▶ Exercise aim: Leave out all lines before the one containing "LEGO 42159 Yamaha", and copy that line and all the rest below it exactly.

▶ Data records:
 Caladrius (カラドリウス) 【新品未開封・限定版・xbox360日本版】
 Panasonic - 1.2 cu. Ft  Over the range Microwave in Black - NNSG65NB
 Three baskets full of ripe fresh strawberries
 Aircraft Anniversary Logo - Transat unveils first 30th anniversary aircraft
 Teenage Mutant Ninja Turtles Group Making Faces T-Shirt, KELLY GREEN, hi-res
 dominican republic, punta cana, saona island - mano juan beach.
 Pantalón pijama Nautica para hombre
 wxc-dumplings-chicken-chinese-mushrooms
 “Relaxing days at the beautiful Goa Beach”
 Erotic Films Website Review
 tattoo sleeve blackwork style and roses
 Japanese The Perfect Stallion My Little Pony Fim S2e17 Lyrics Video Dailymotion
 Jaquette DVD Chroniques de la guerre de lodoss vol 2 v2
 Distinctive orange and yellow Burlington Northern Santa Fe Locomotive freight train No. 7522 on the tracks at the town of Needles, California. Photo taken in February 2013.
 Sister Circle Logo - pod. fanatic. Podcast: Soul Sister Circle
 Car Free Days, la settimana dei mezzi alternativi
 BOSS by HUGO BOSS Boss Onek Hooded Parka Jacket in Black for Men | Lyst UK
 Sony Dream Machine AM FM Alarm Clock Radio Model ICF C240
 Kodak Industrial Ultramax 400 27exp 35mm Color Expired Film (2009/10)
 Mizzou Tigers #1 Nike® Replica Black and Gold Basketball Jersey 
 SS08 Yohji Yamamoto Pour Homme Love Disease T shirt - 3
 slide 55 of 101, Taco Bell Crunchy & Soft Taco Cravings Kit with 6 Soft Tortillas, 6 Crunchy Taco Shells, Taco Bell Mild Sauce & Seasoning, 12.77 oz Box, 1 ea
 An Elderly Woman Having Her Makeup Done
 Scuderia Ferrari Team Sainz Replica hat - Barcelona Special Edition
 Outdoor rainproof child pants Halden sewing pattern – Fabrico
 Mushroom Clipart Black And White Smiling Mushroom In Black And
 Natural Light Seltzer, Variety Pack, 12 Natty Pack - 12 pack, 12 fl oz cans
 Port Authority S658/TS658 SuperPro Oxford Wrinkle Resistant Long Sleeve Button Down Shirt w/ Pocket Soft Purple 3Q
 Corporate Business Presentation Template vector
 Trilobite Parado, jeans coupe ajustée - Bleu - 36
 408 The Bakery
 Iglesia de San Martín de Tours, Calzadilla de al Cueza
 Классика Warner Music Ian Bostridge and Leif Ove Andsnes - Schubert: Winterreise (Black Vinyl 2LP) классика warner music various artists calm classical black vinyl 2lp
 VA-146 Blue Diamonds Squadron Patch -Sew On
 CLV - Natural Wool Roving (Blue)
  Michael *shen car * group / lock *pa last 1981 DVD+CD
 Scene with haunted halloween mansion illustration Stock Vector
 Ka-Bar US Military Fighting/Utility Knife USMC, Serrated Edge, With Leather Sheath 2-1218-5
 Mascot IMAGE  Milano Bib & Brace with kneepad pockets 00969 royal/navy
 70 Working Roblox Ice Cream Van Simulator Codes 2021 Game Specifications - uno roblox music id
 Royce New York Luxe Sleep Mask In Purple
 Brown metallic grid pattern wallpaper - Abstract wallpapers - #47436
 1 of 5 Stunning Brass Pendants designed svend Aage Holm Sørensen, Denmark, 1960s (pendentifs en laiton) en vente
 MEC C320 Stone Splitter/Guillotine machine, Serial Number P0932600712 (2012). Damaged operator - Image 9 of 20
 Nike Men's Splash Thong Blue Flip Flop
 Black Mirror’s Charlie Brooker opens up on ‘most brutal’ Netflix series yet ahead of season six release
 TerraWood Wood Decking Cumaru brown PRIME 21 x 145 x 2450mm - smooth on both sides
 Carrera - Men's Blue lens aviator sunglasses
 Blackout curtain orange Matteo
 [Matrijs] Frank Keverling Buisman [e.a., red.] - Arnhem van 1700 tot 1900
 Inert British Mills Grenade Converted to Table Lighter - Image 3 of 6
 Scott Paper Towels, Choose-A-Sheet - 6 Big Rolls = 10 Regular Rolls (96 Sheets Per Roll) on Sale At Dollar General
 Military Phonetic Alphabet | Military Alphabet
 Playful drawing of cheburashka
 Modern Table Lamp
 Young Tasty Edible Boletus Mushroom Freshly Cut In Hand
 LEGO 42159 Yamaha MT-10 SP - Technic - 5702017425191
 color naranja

▶ Response:
 LEGO 42159 Yamaha MT-10 SP - Technic - 5702017425191
 color naranja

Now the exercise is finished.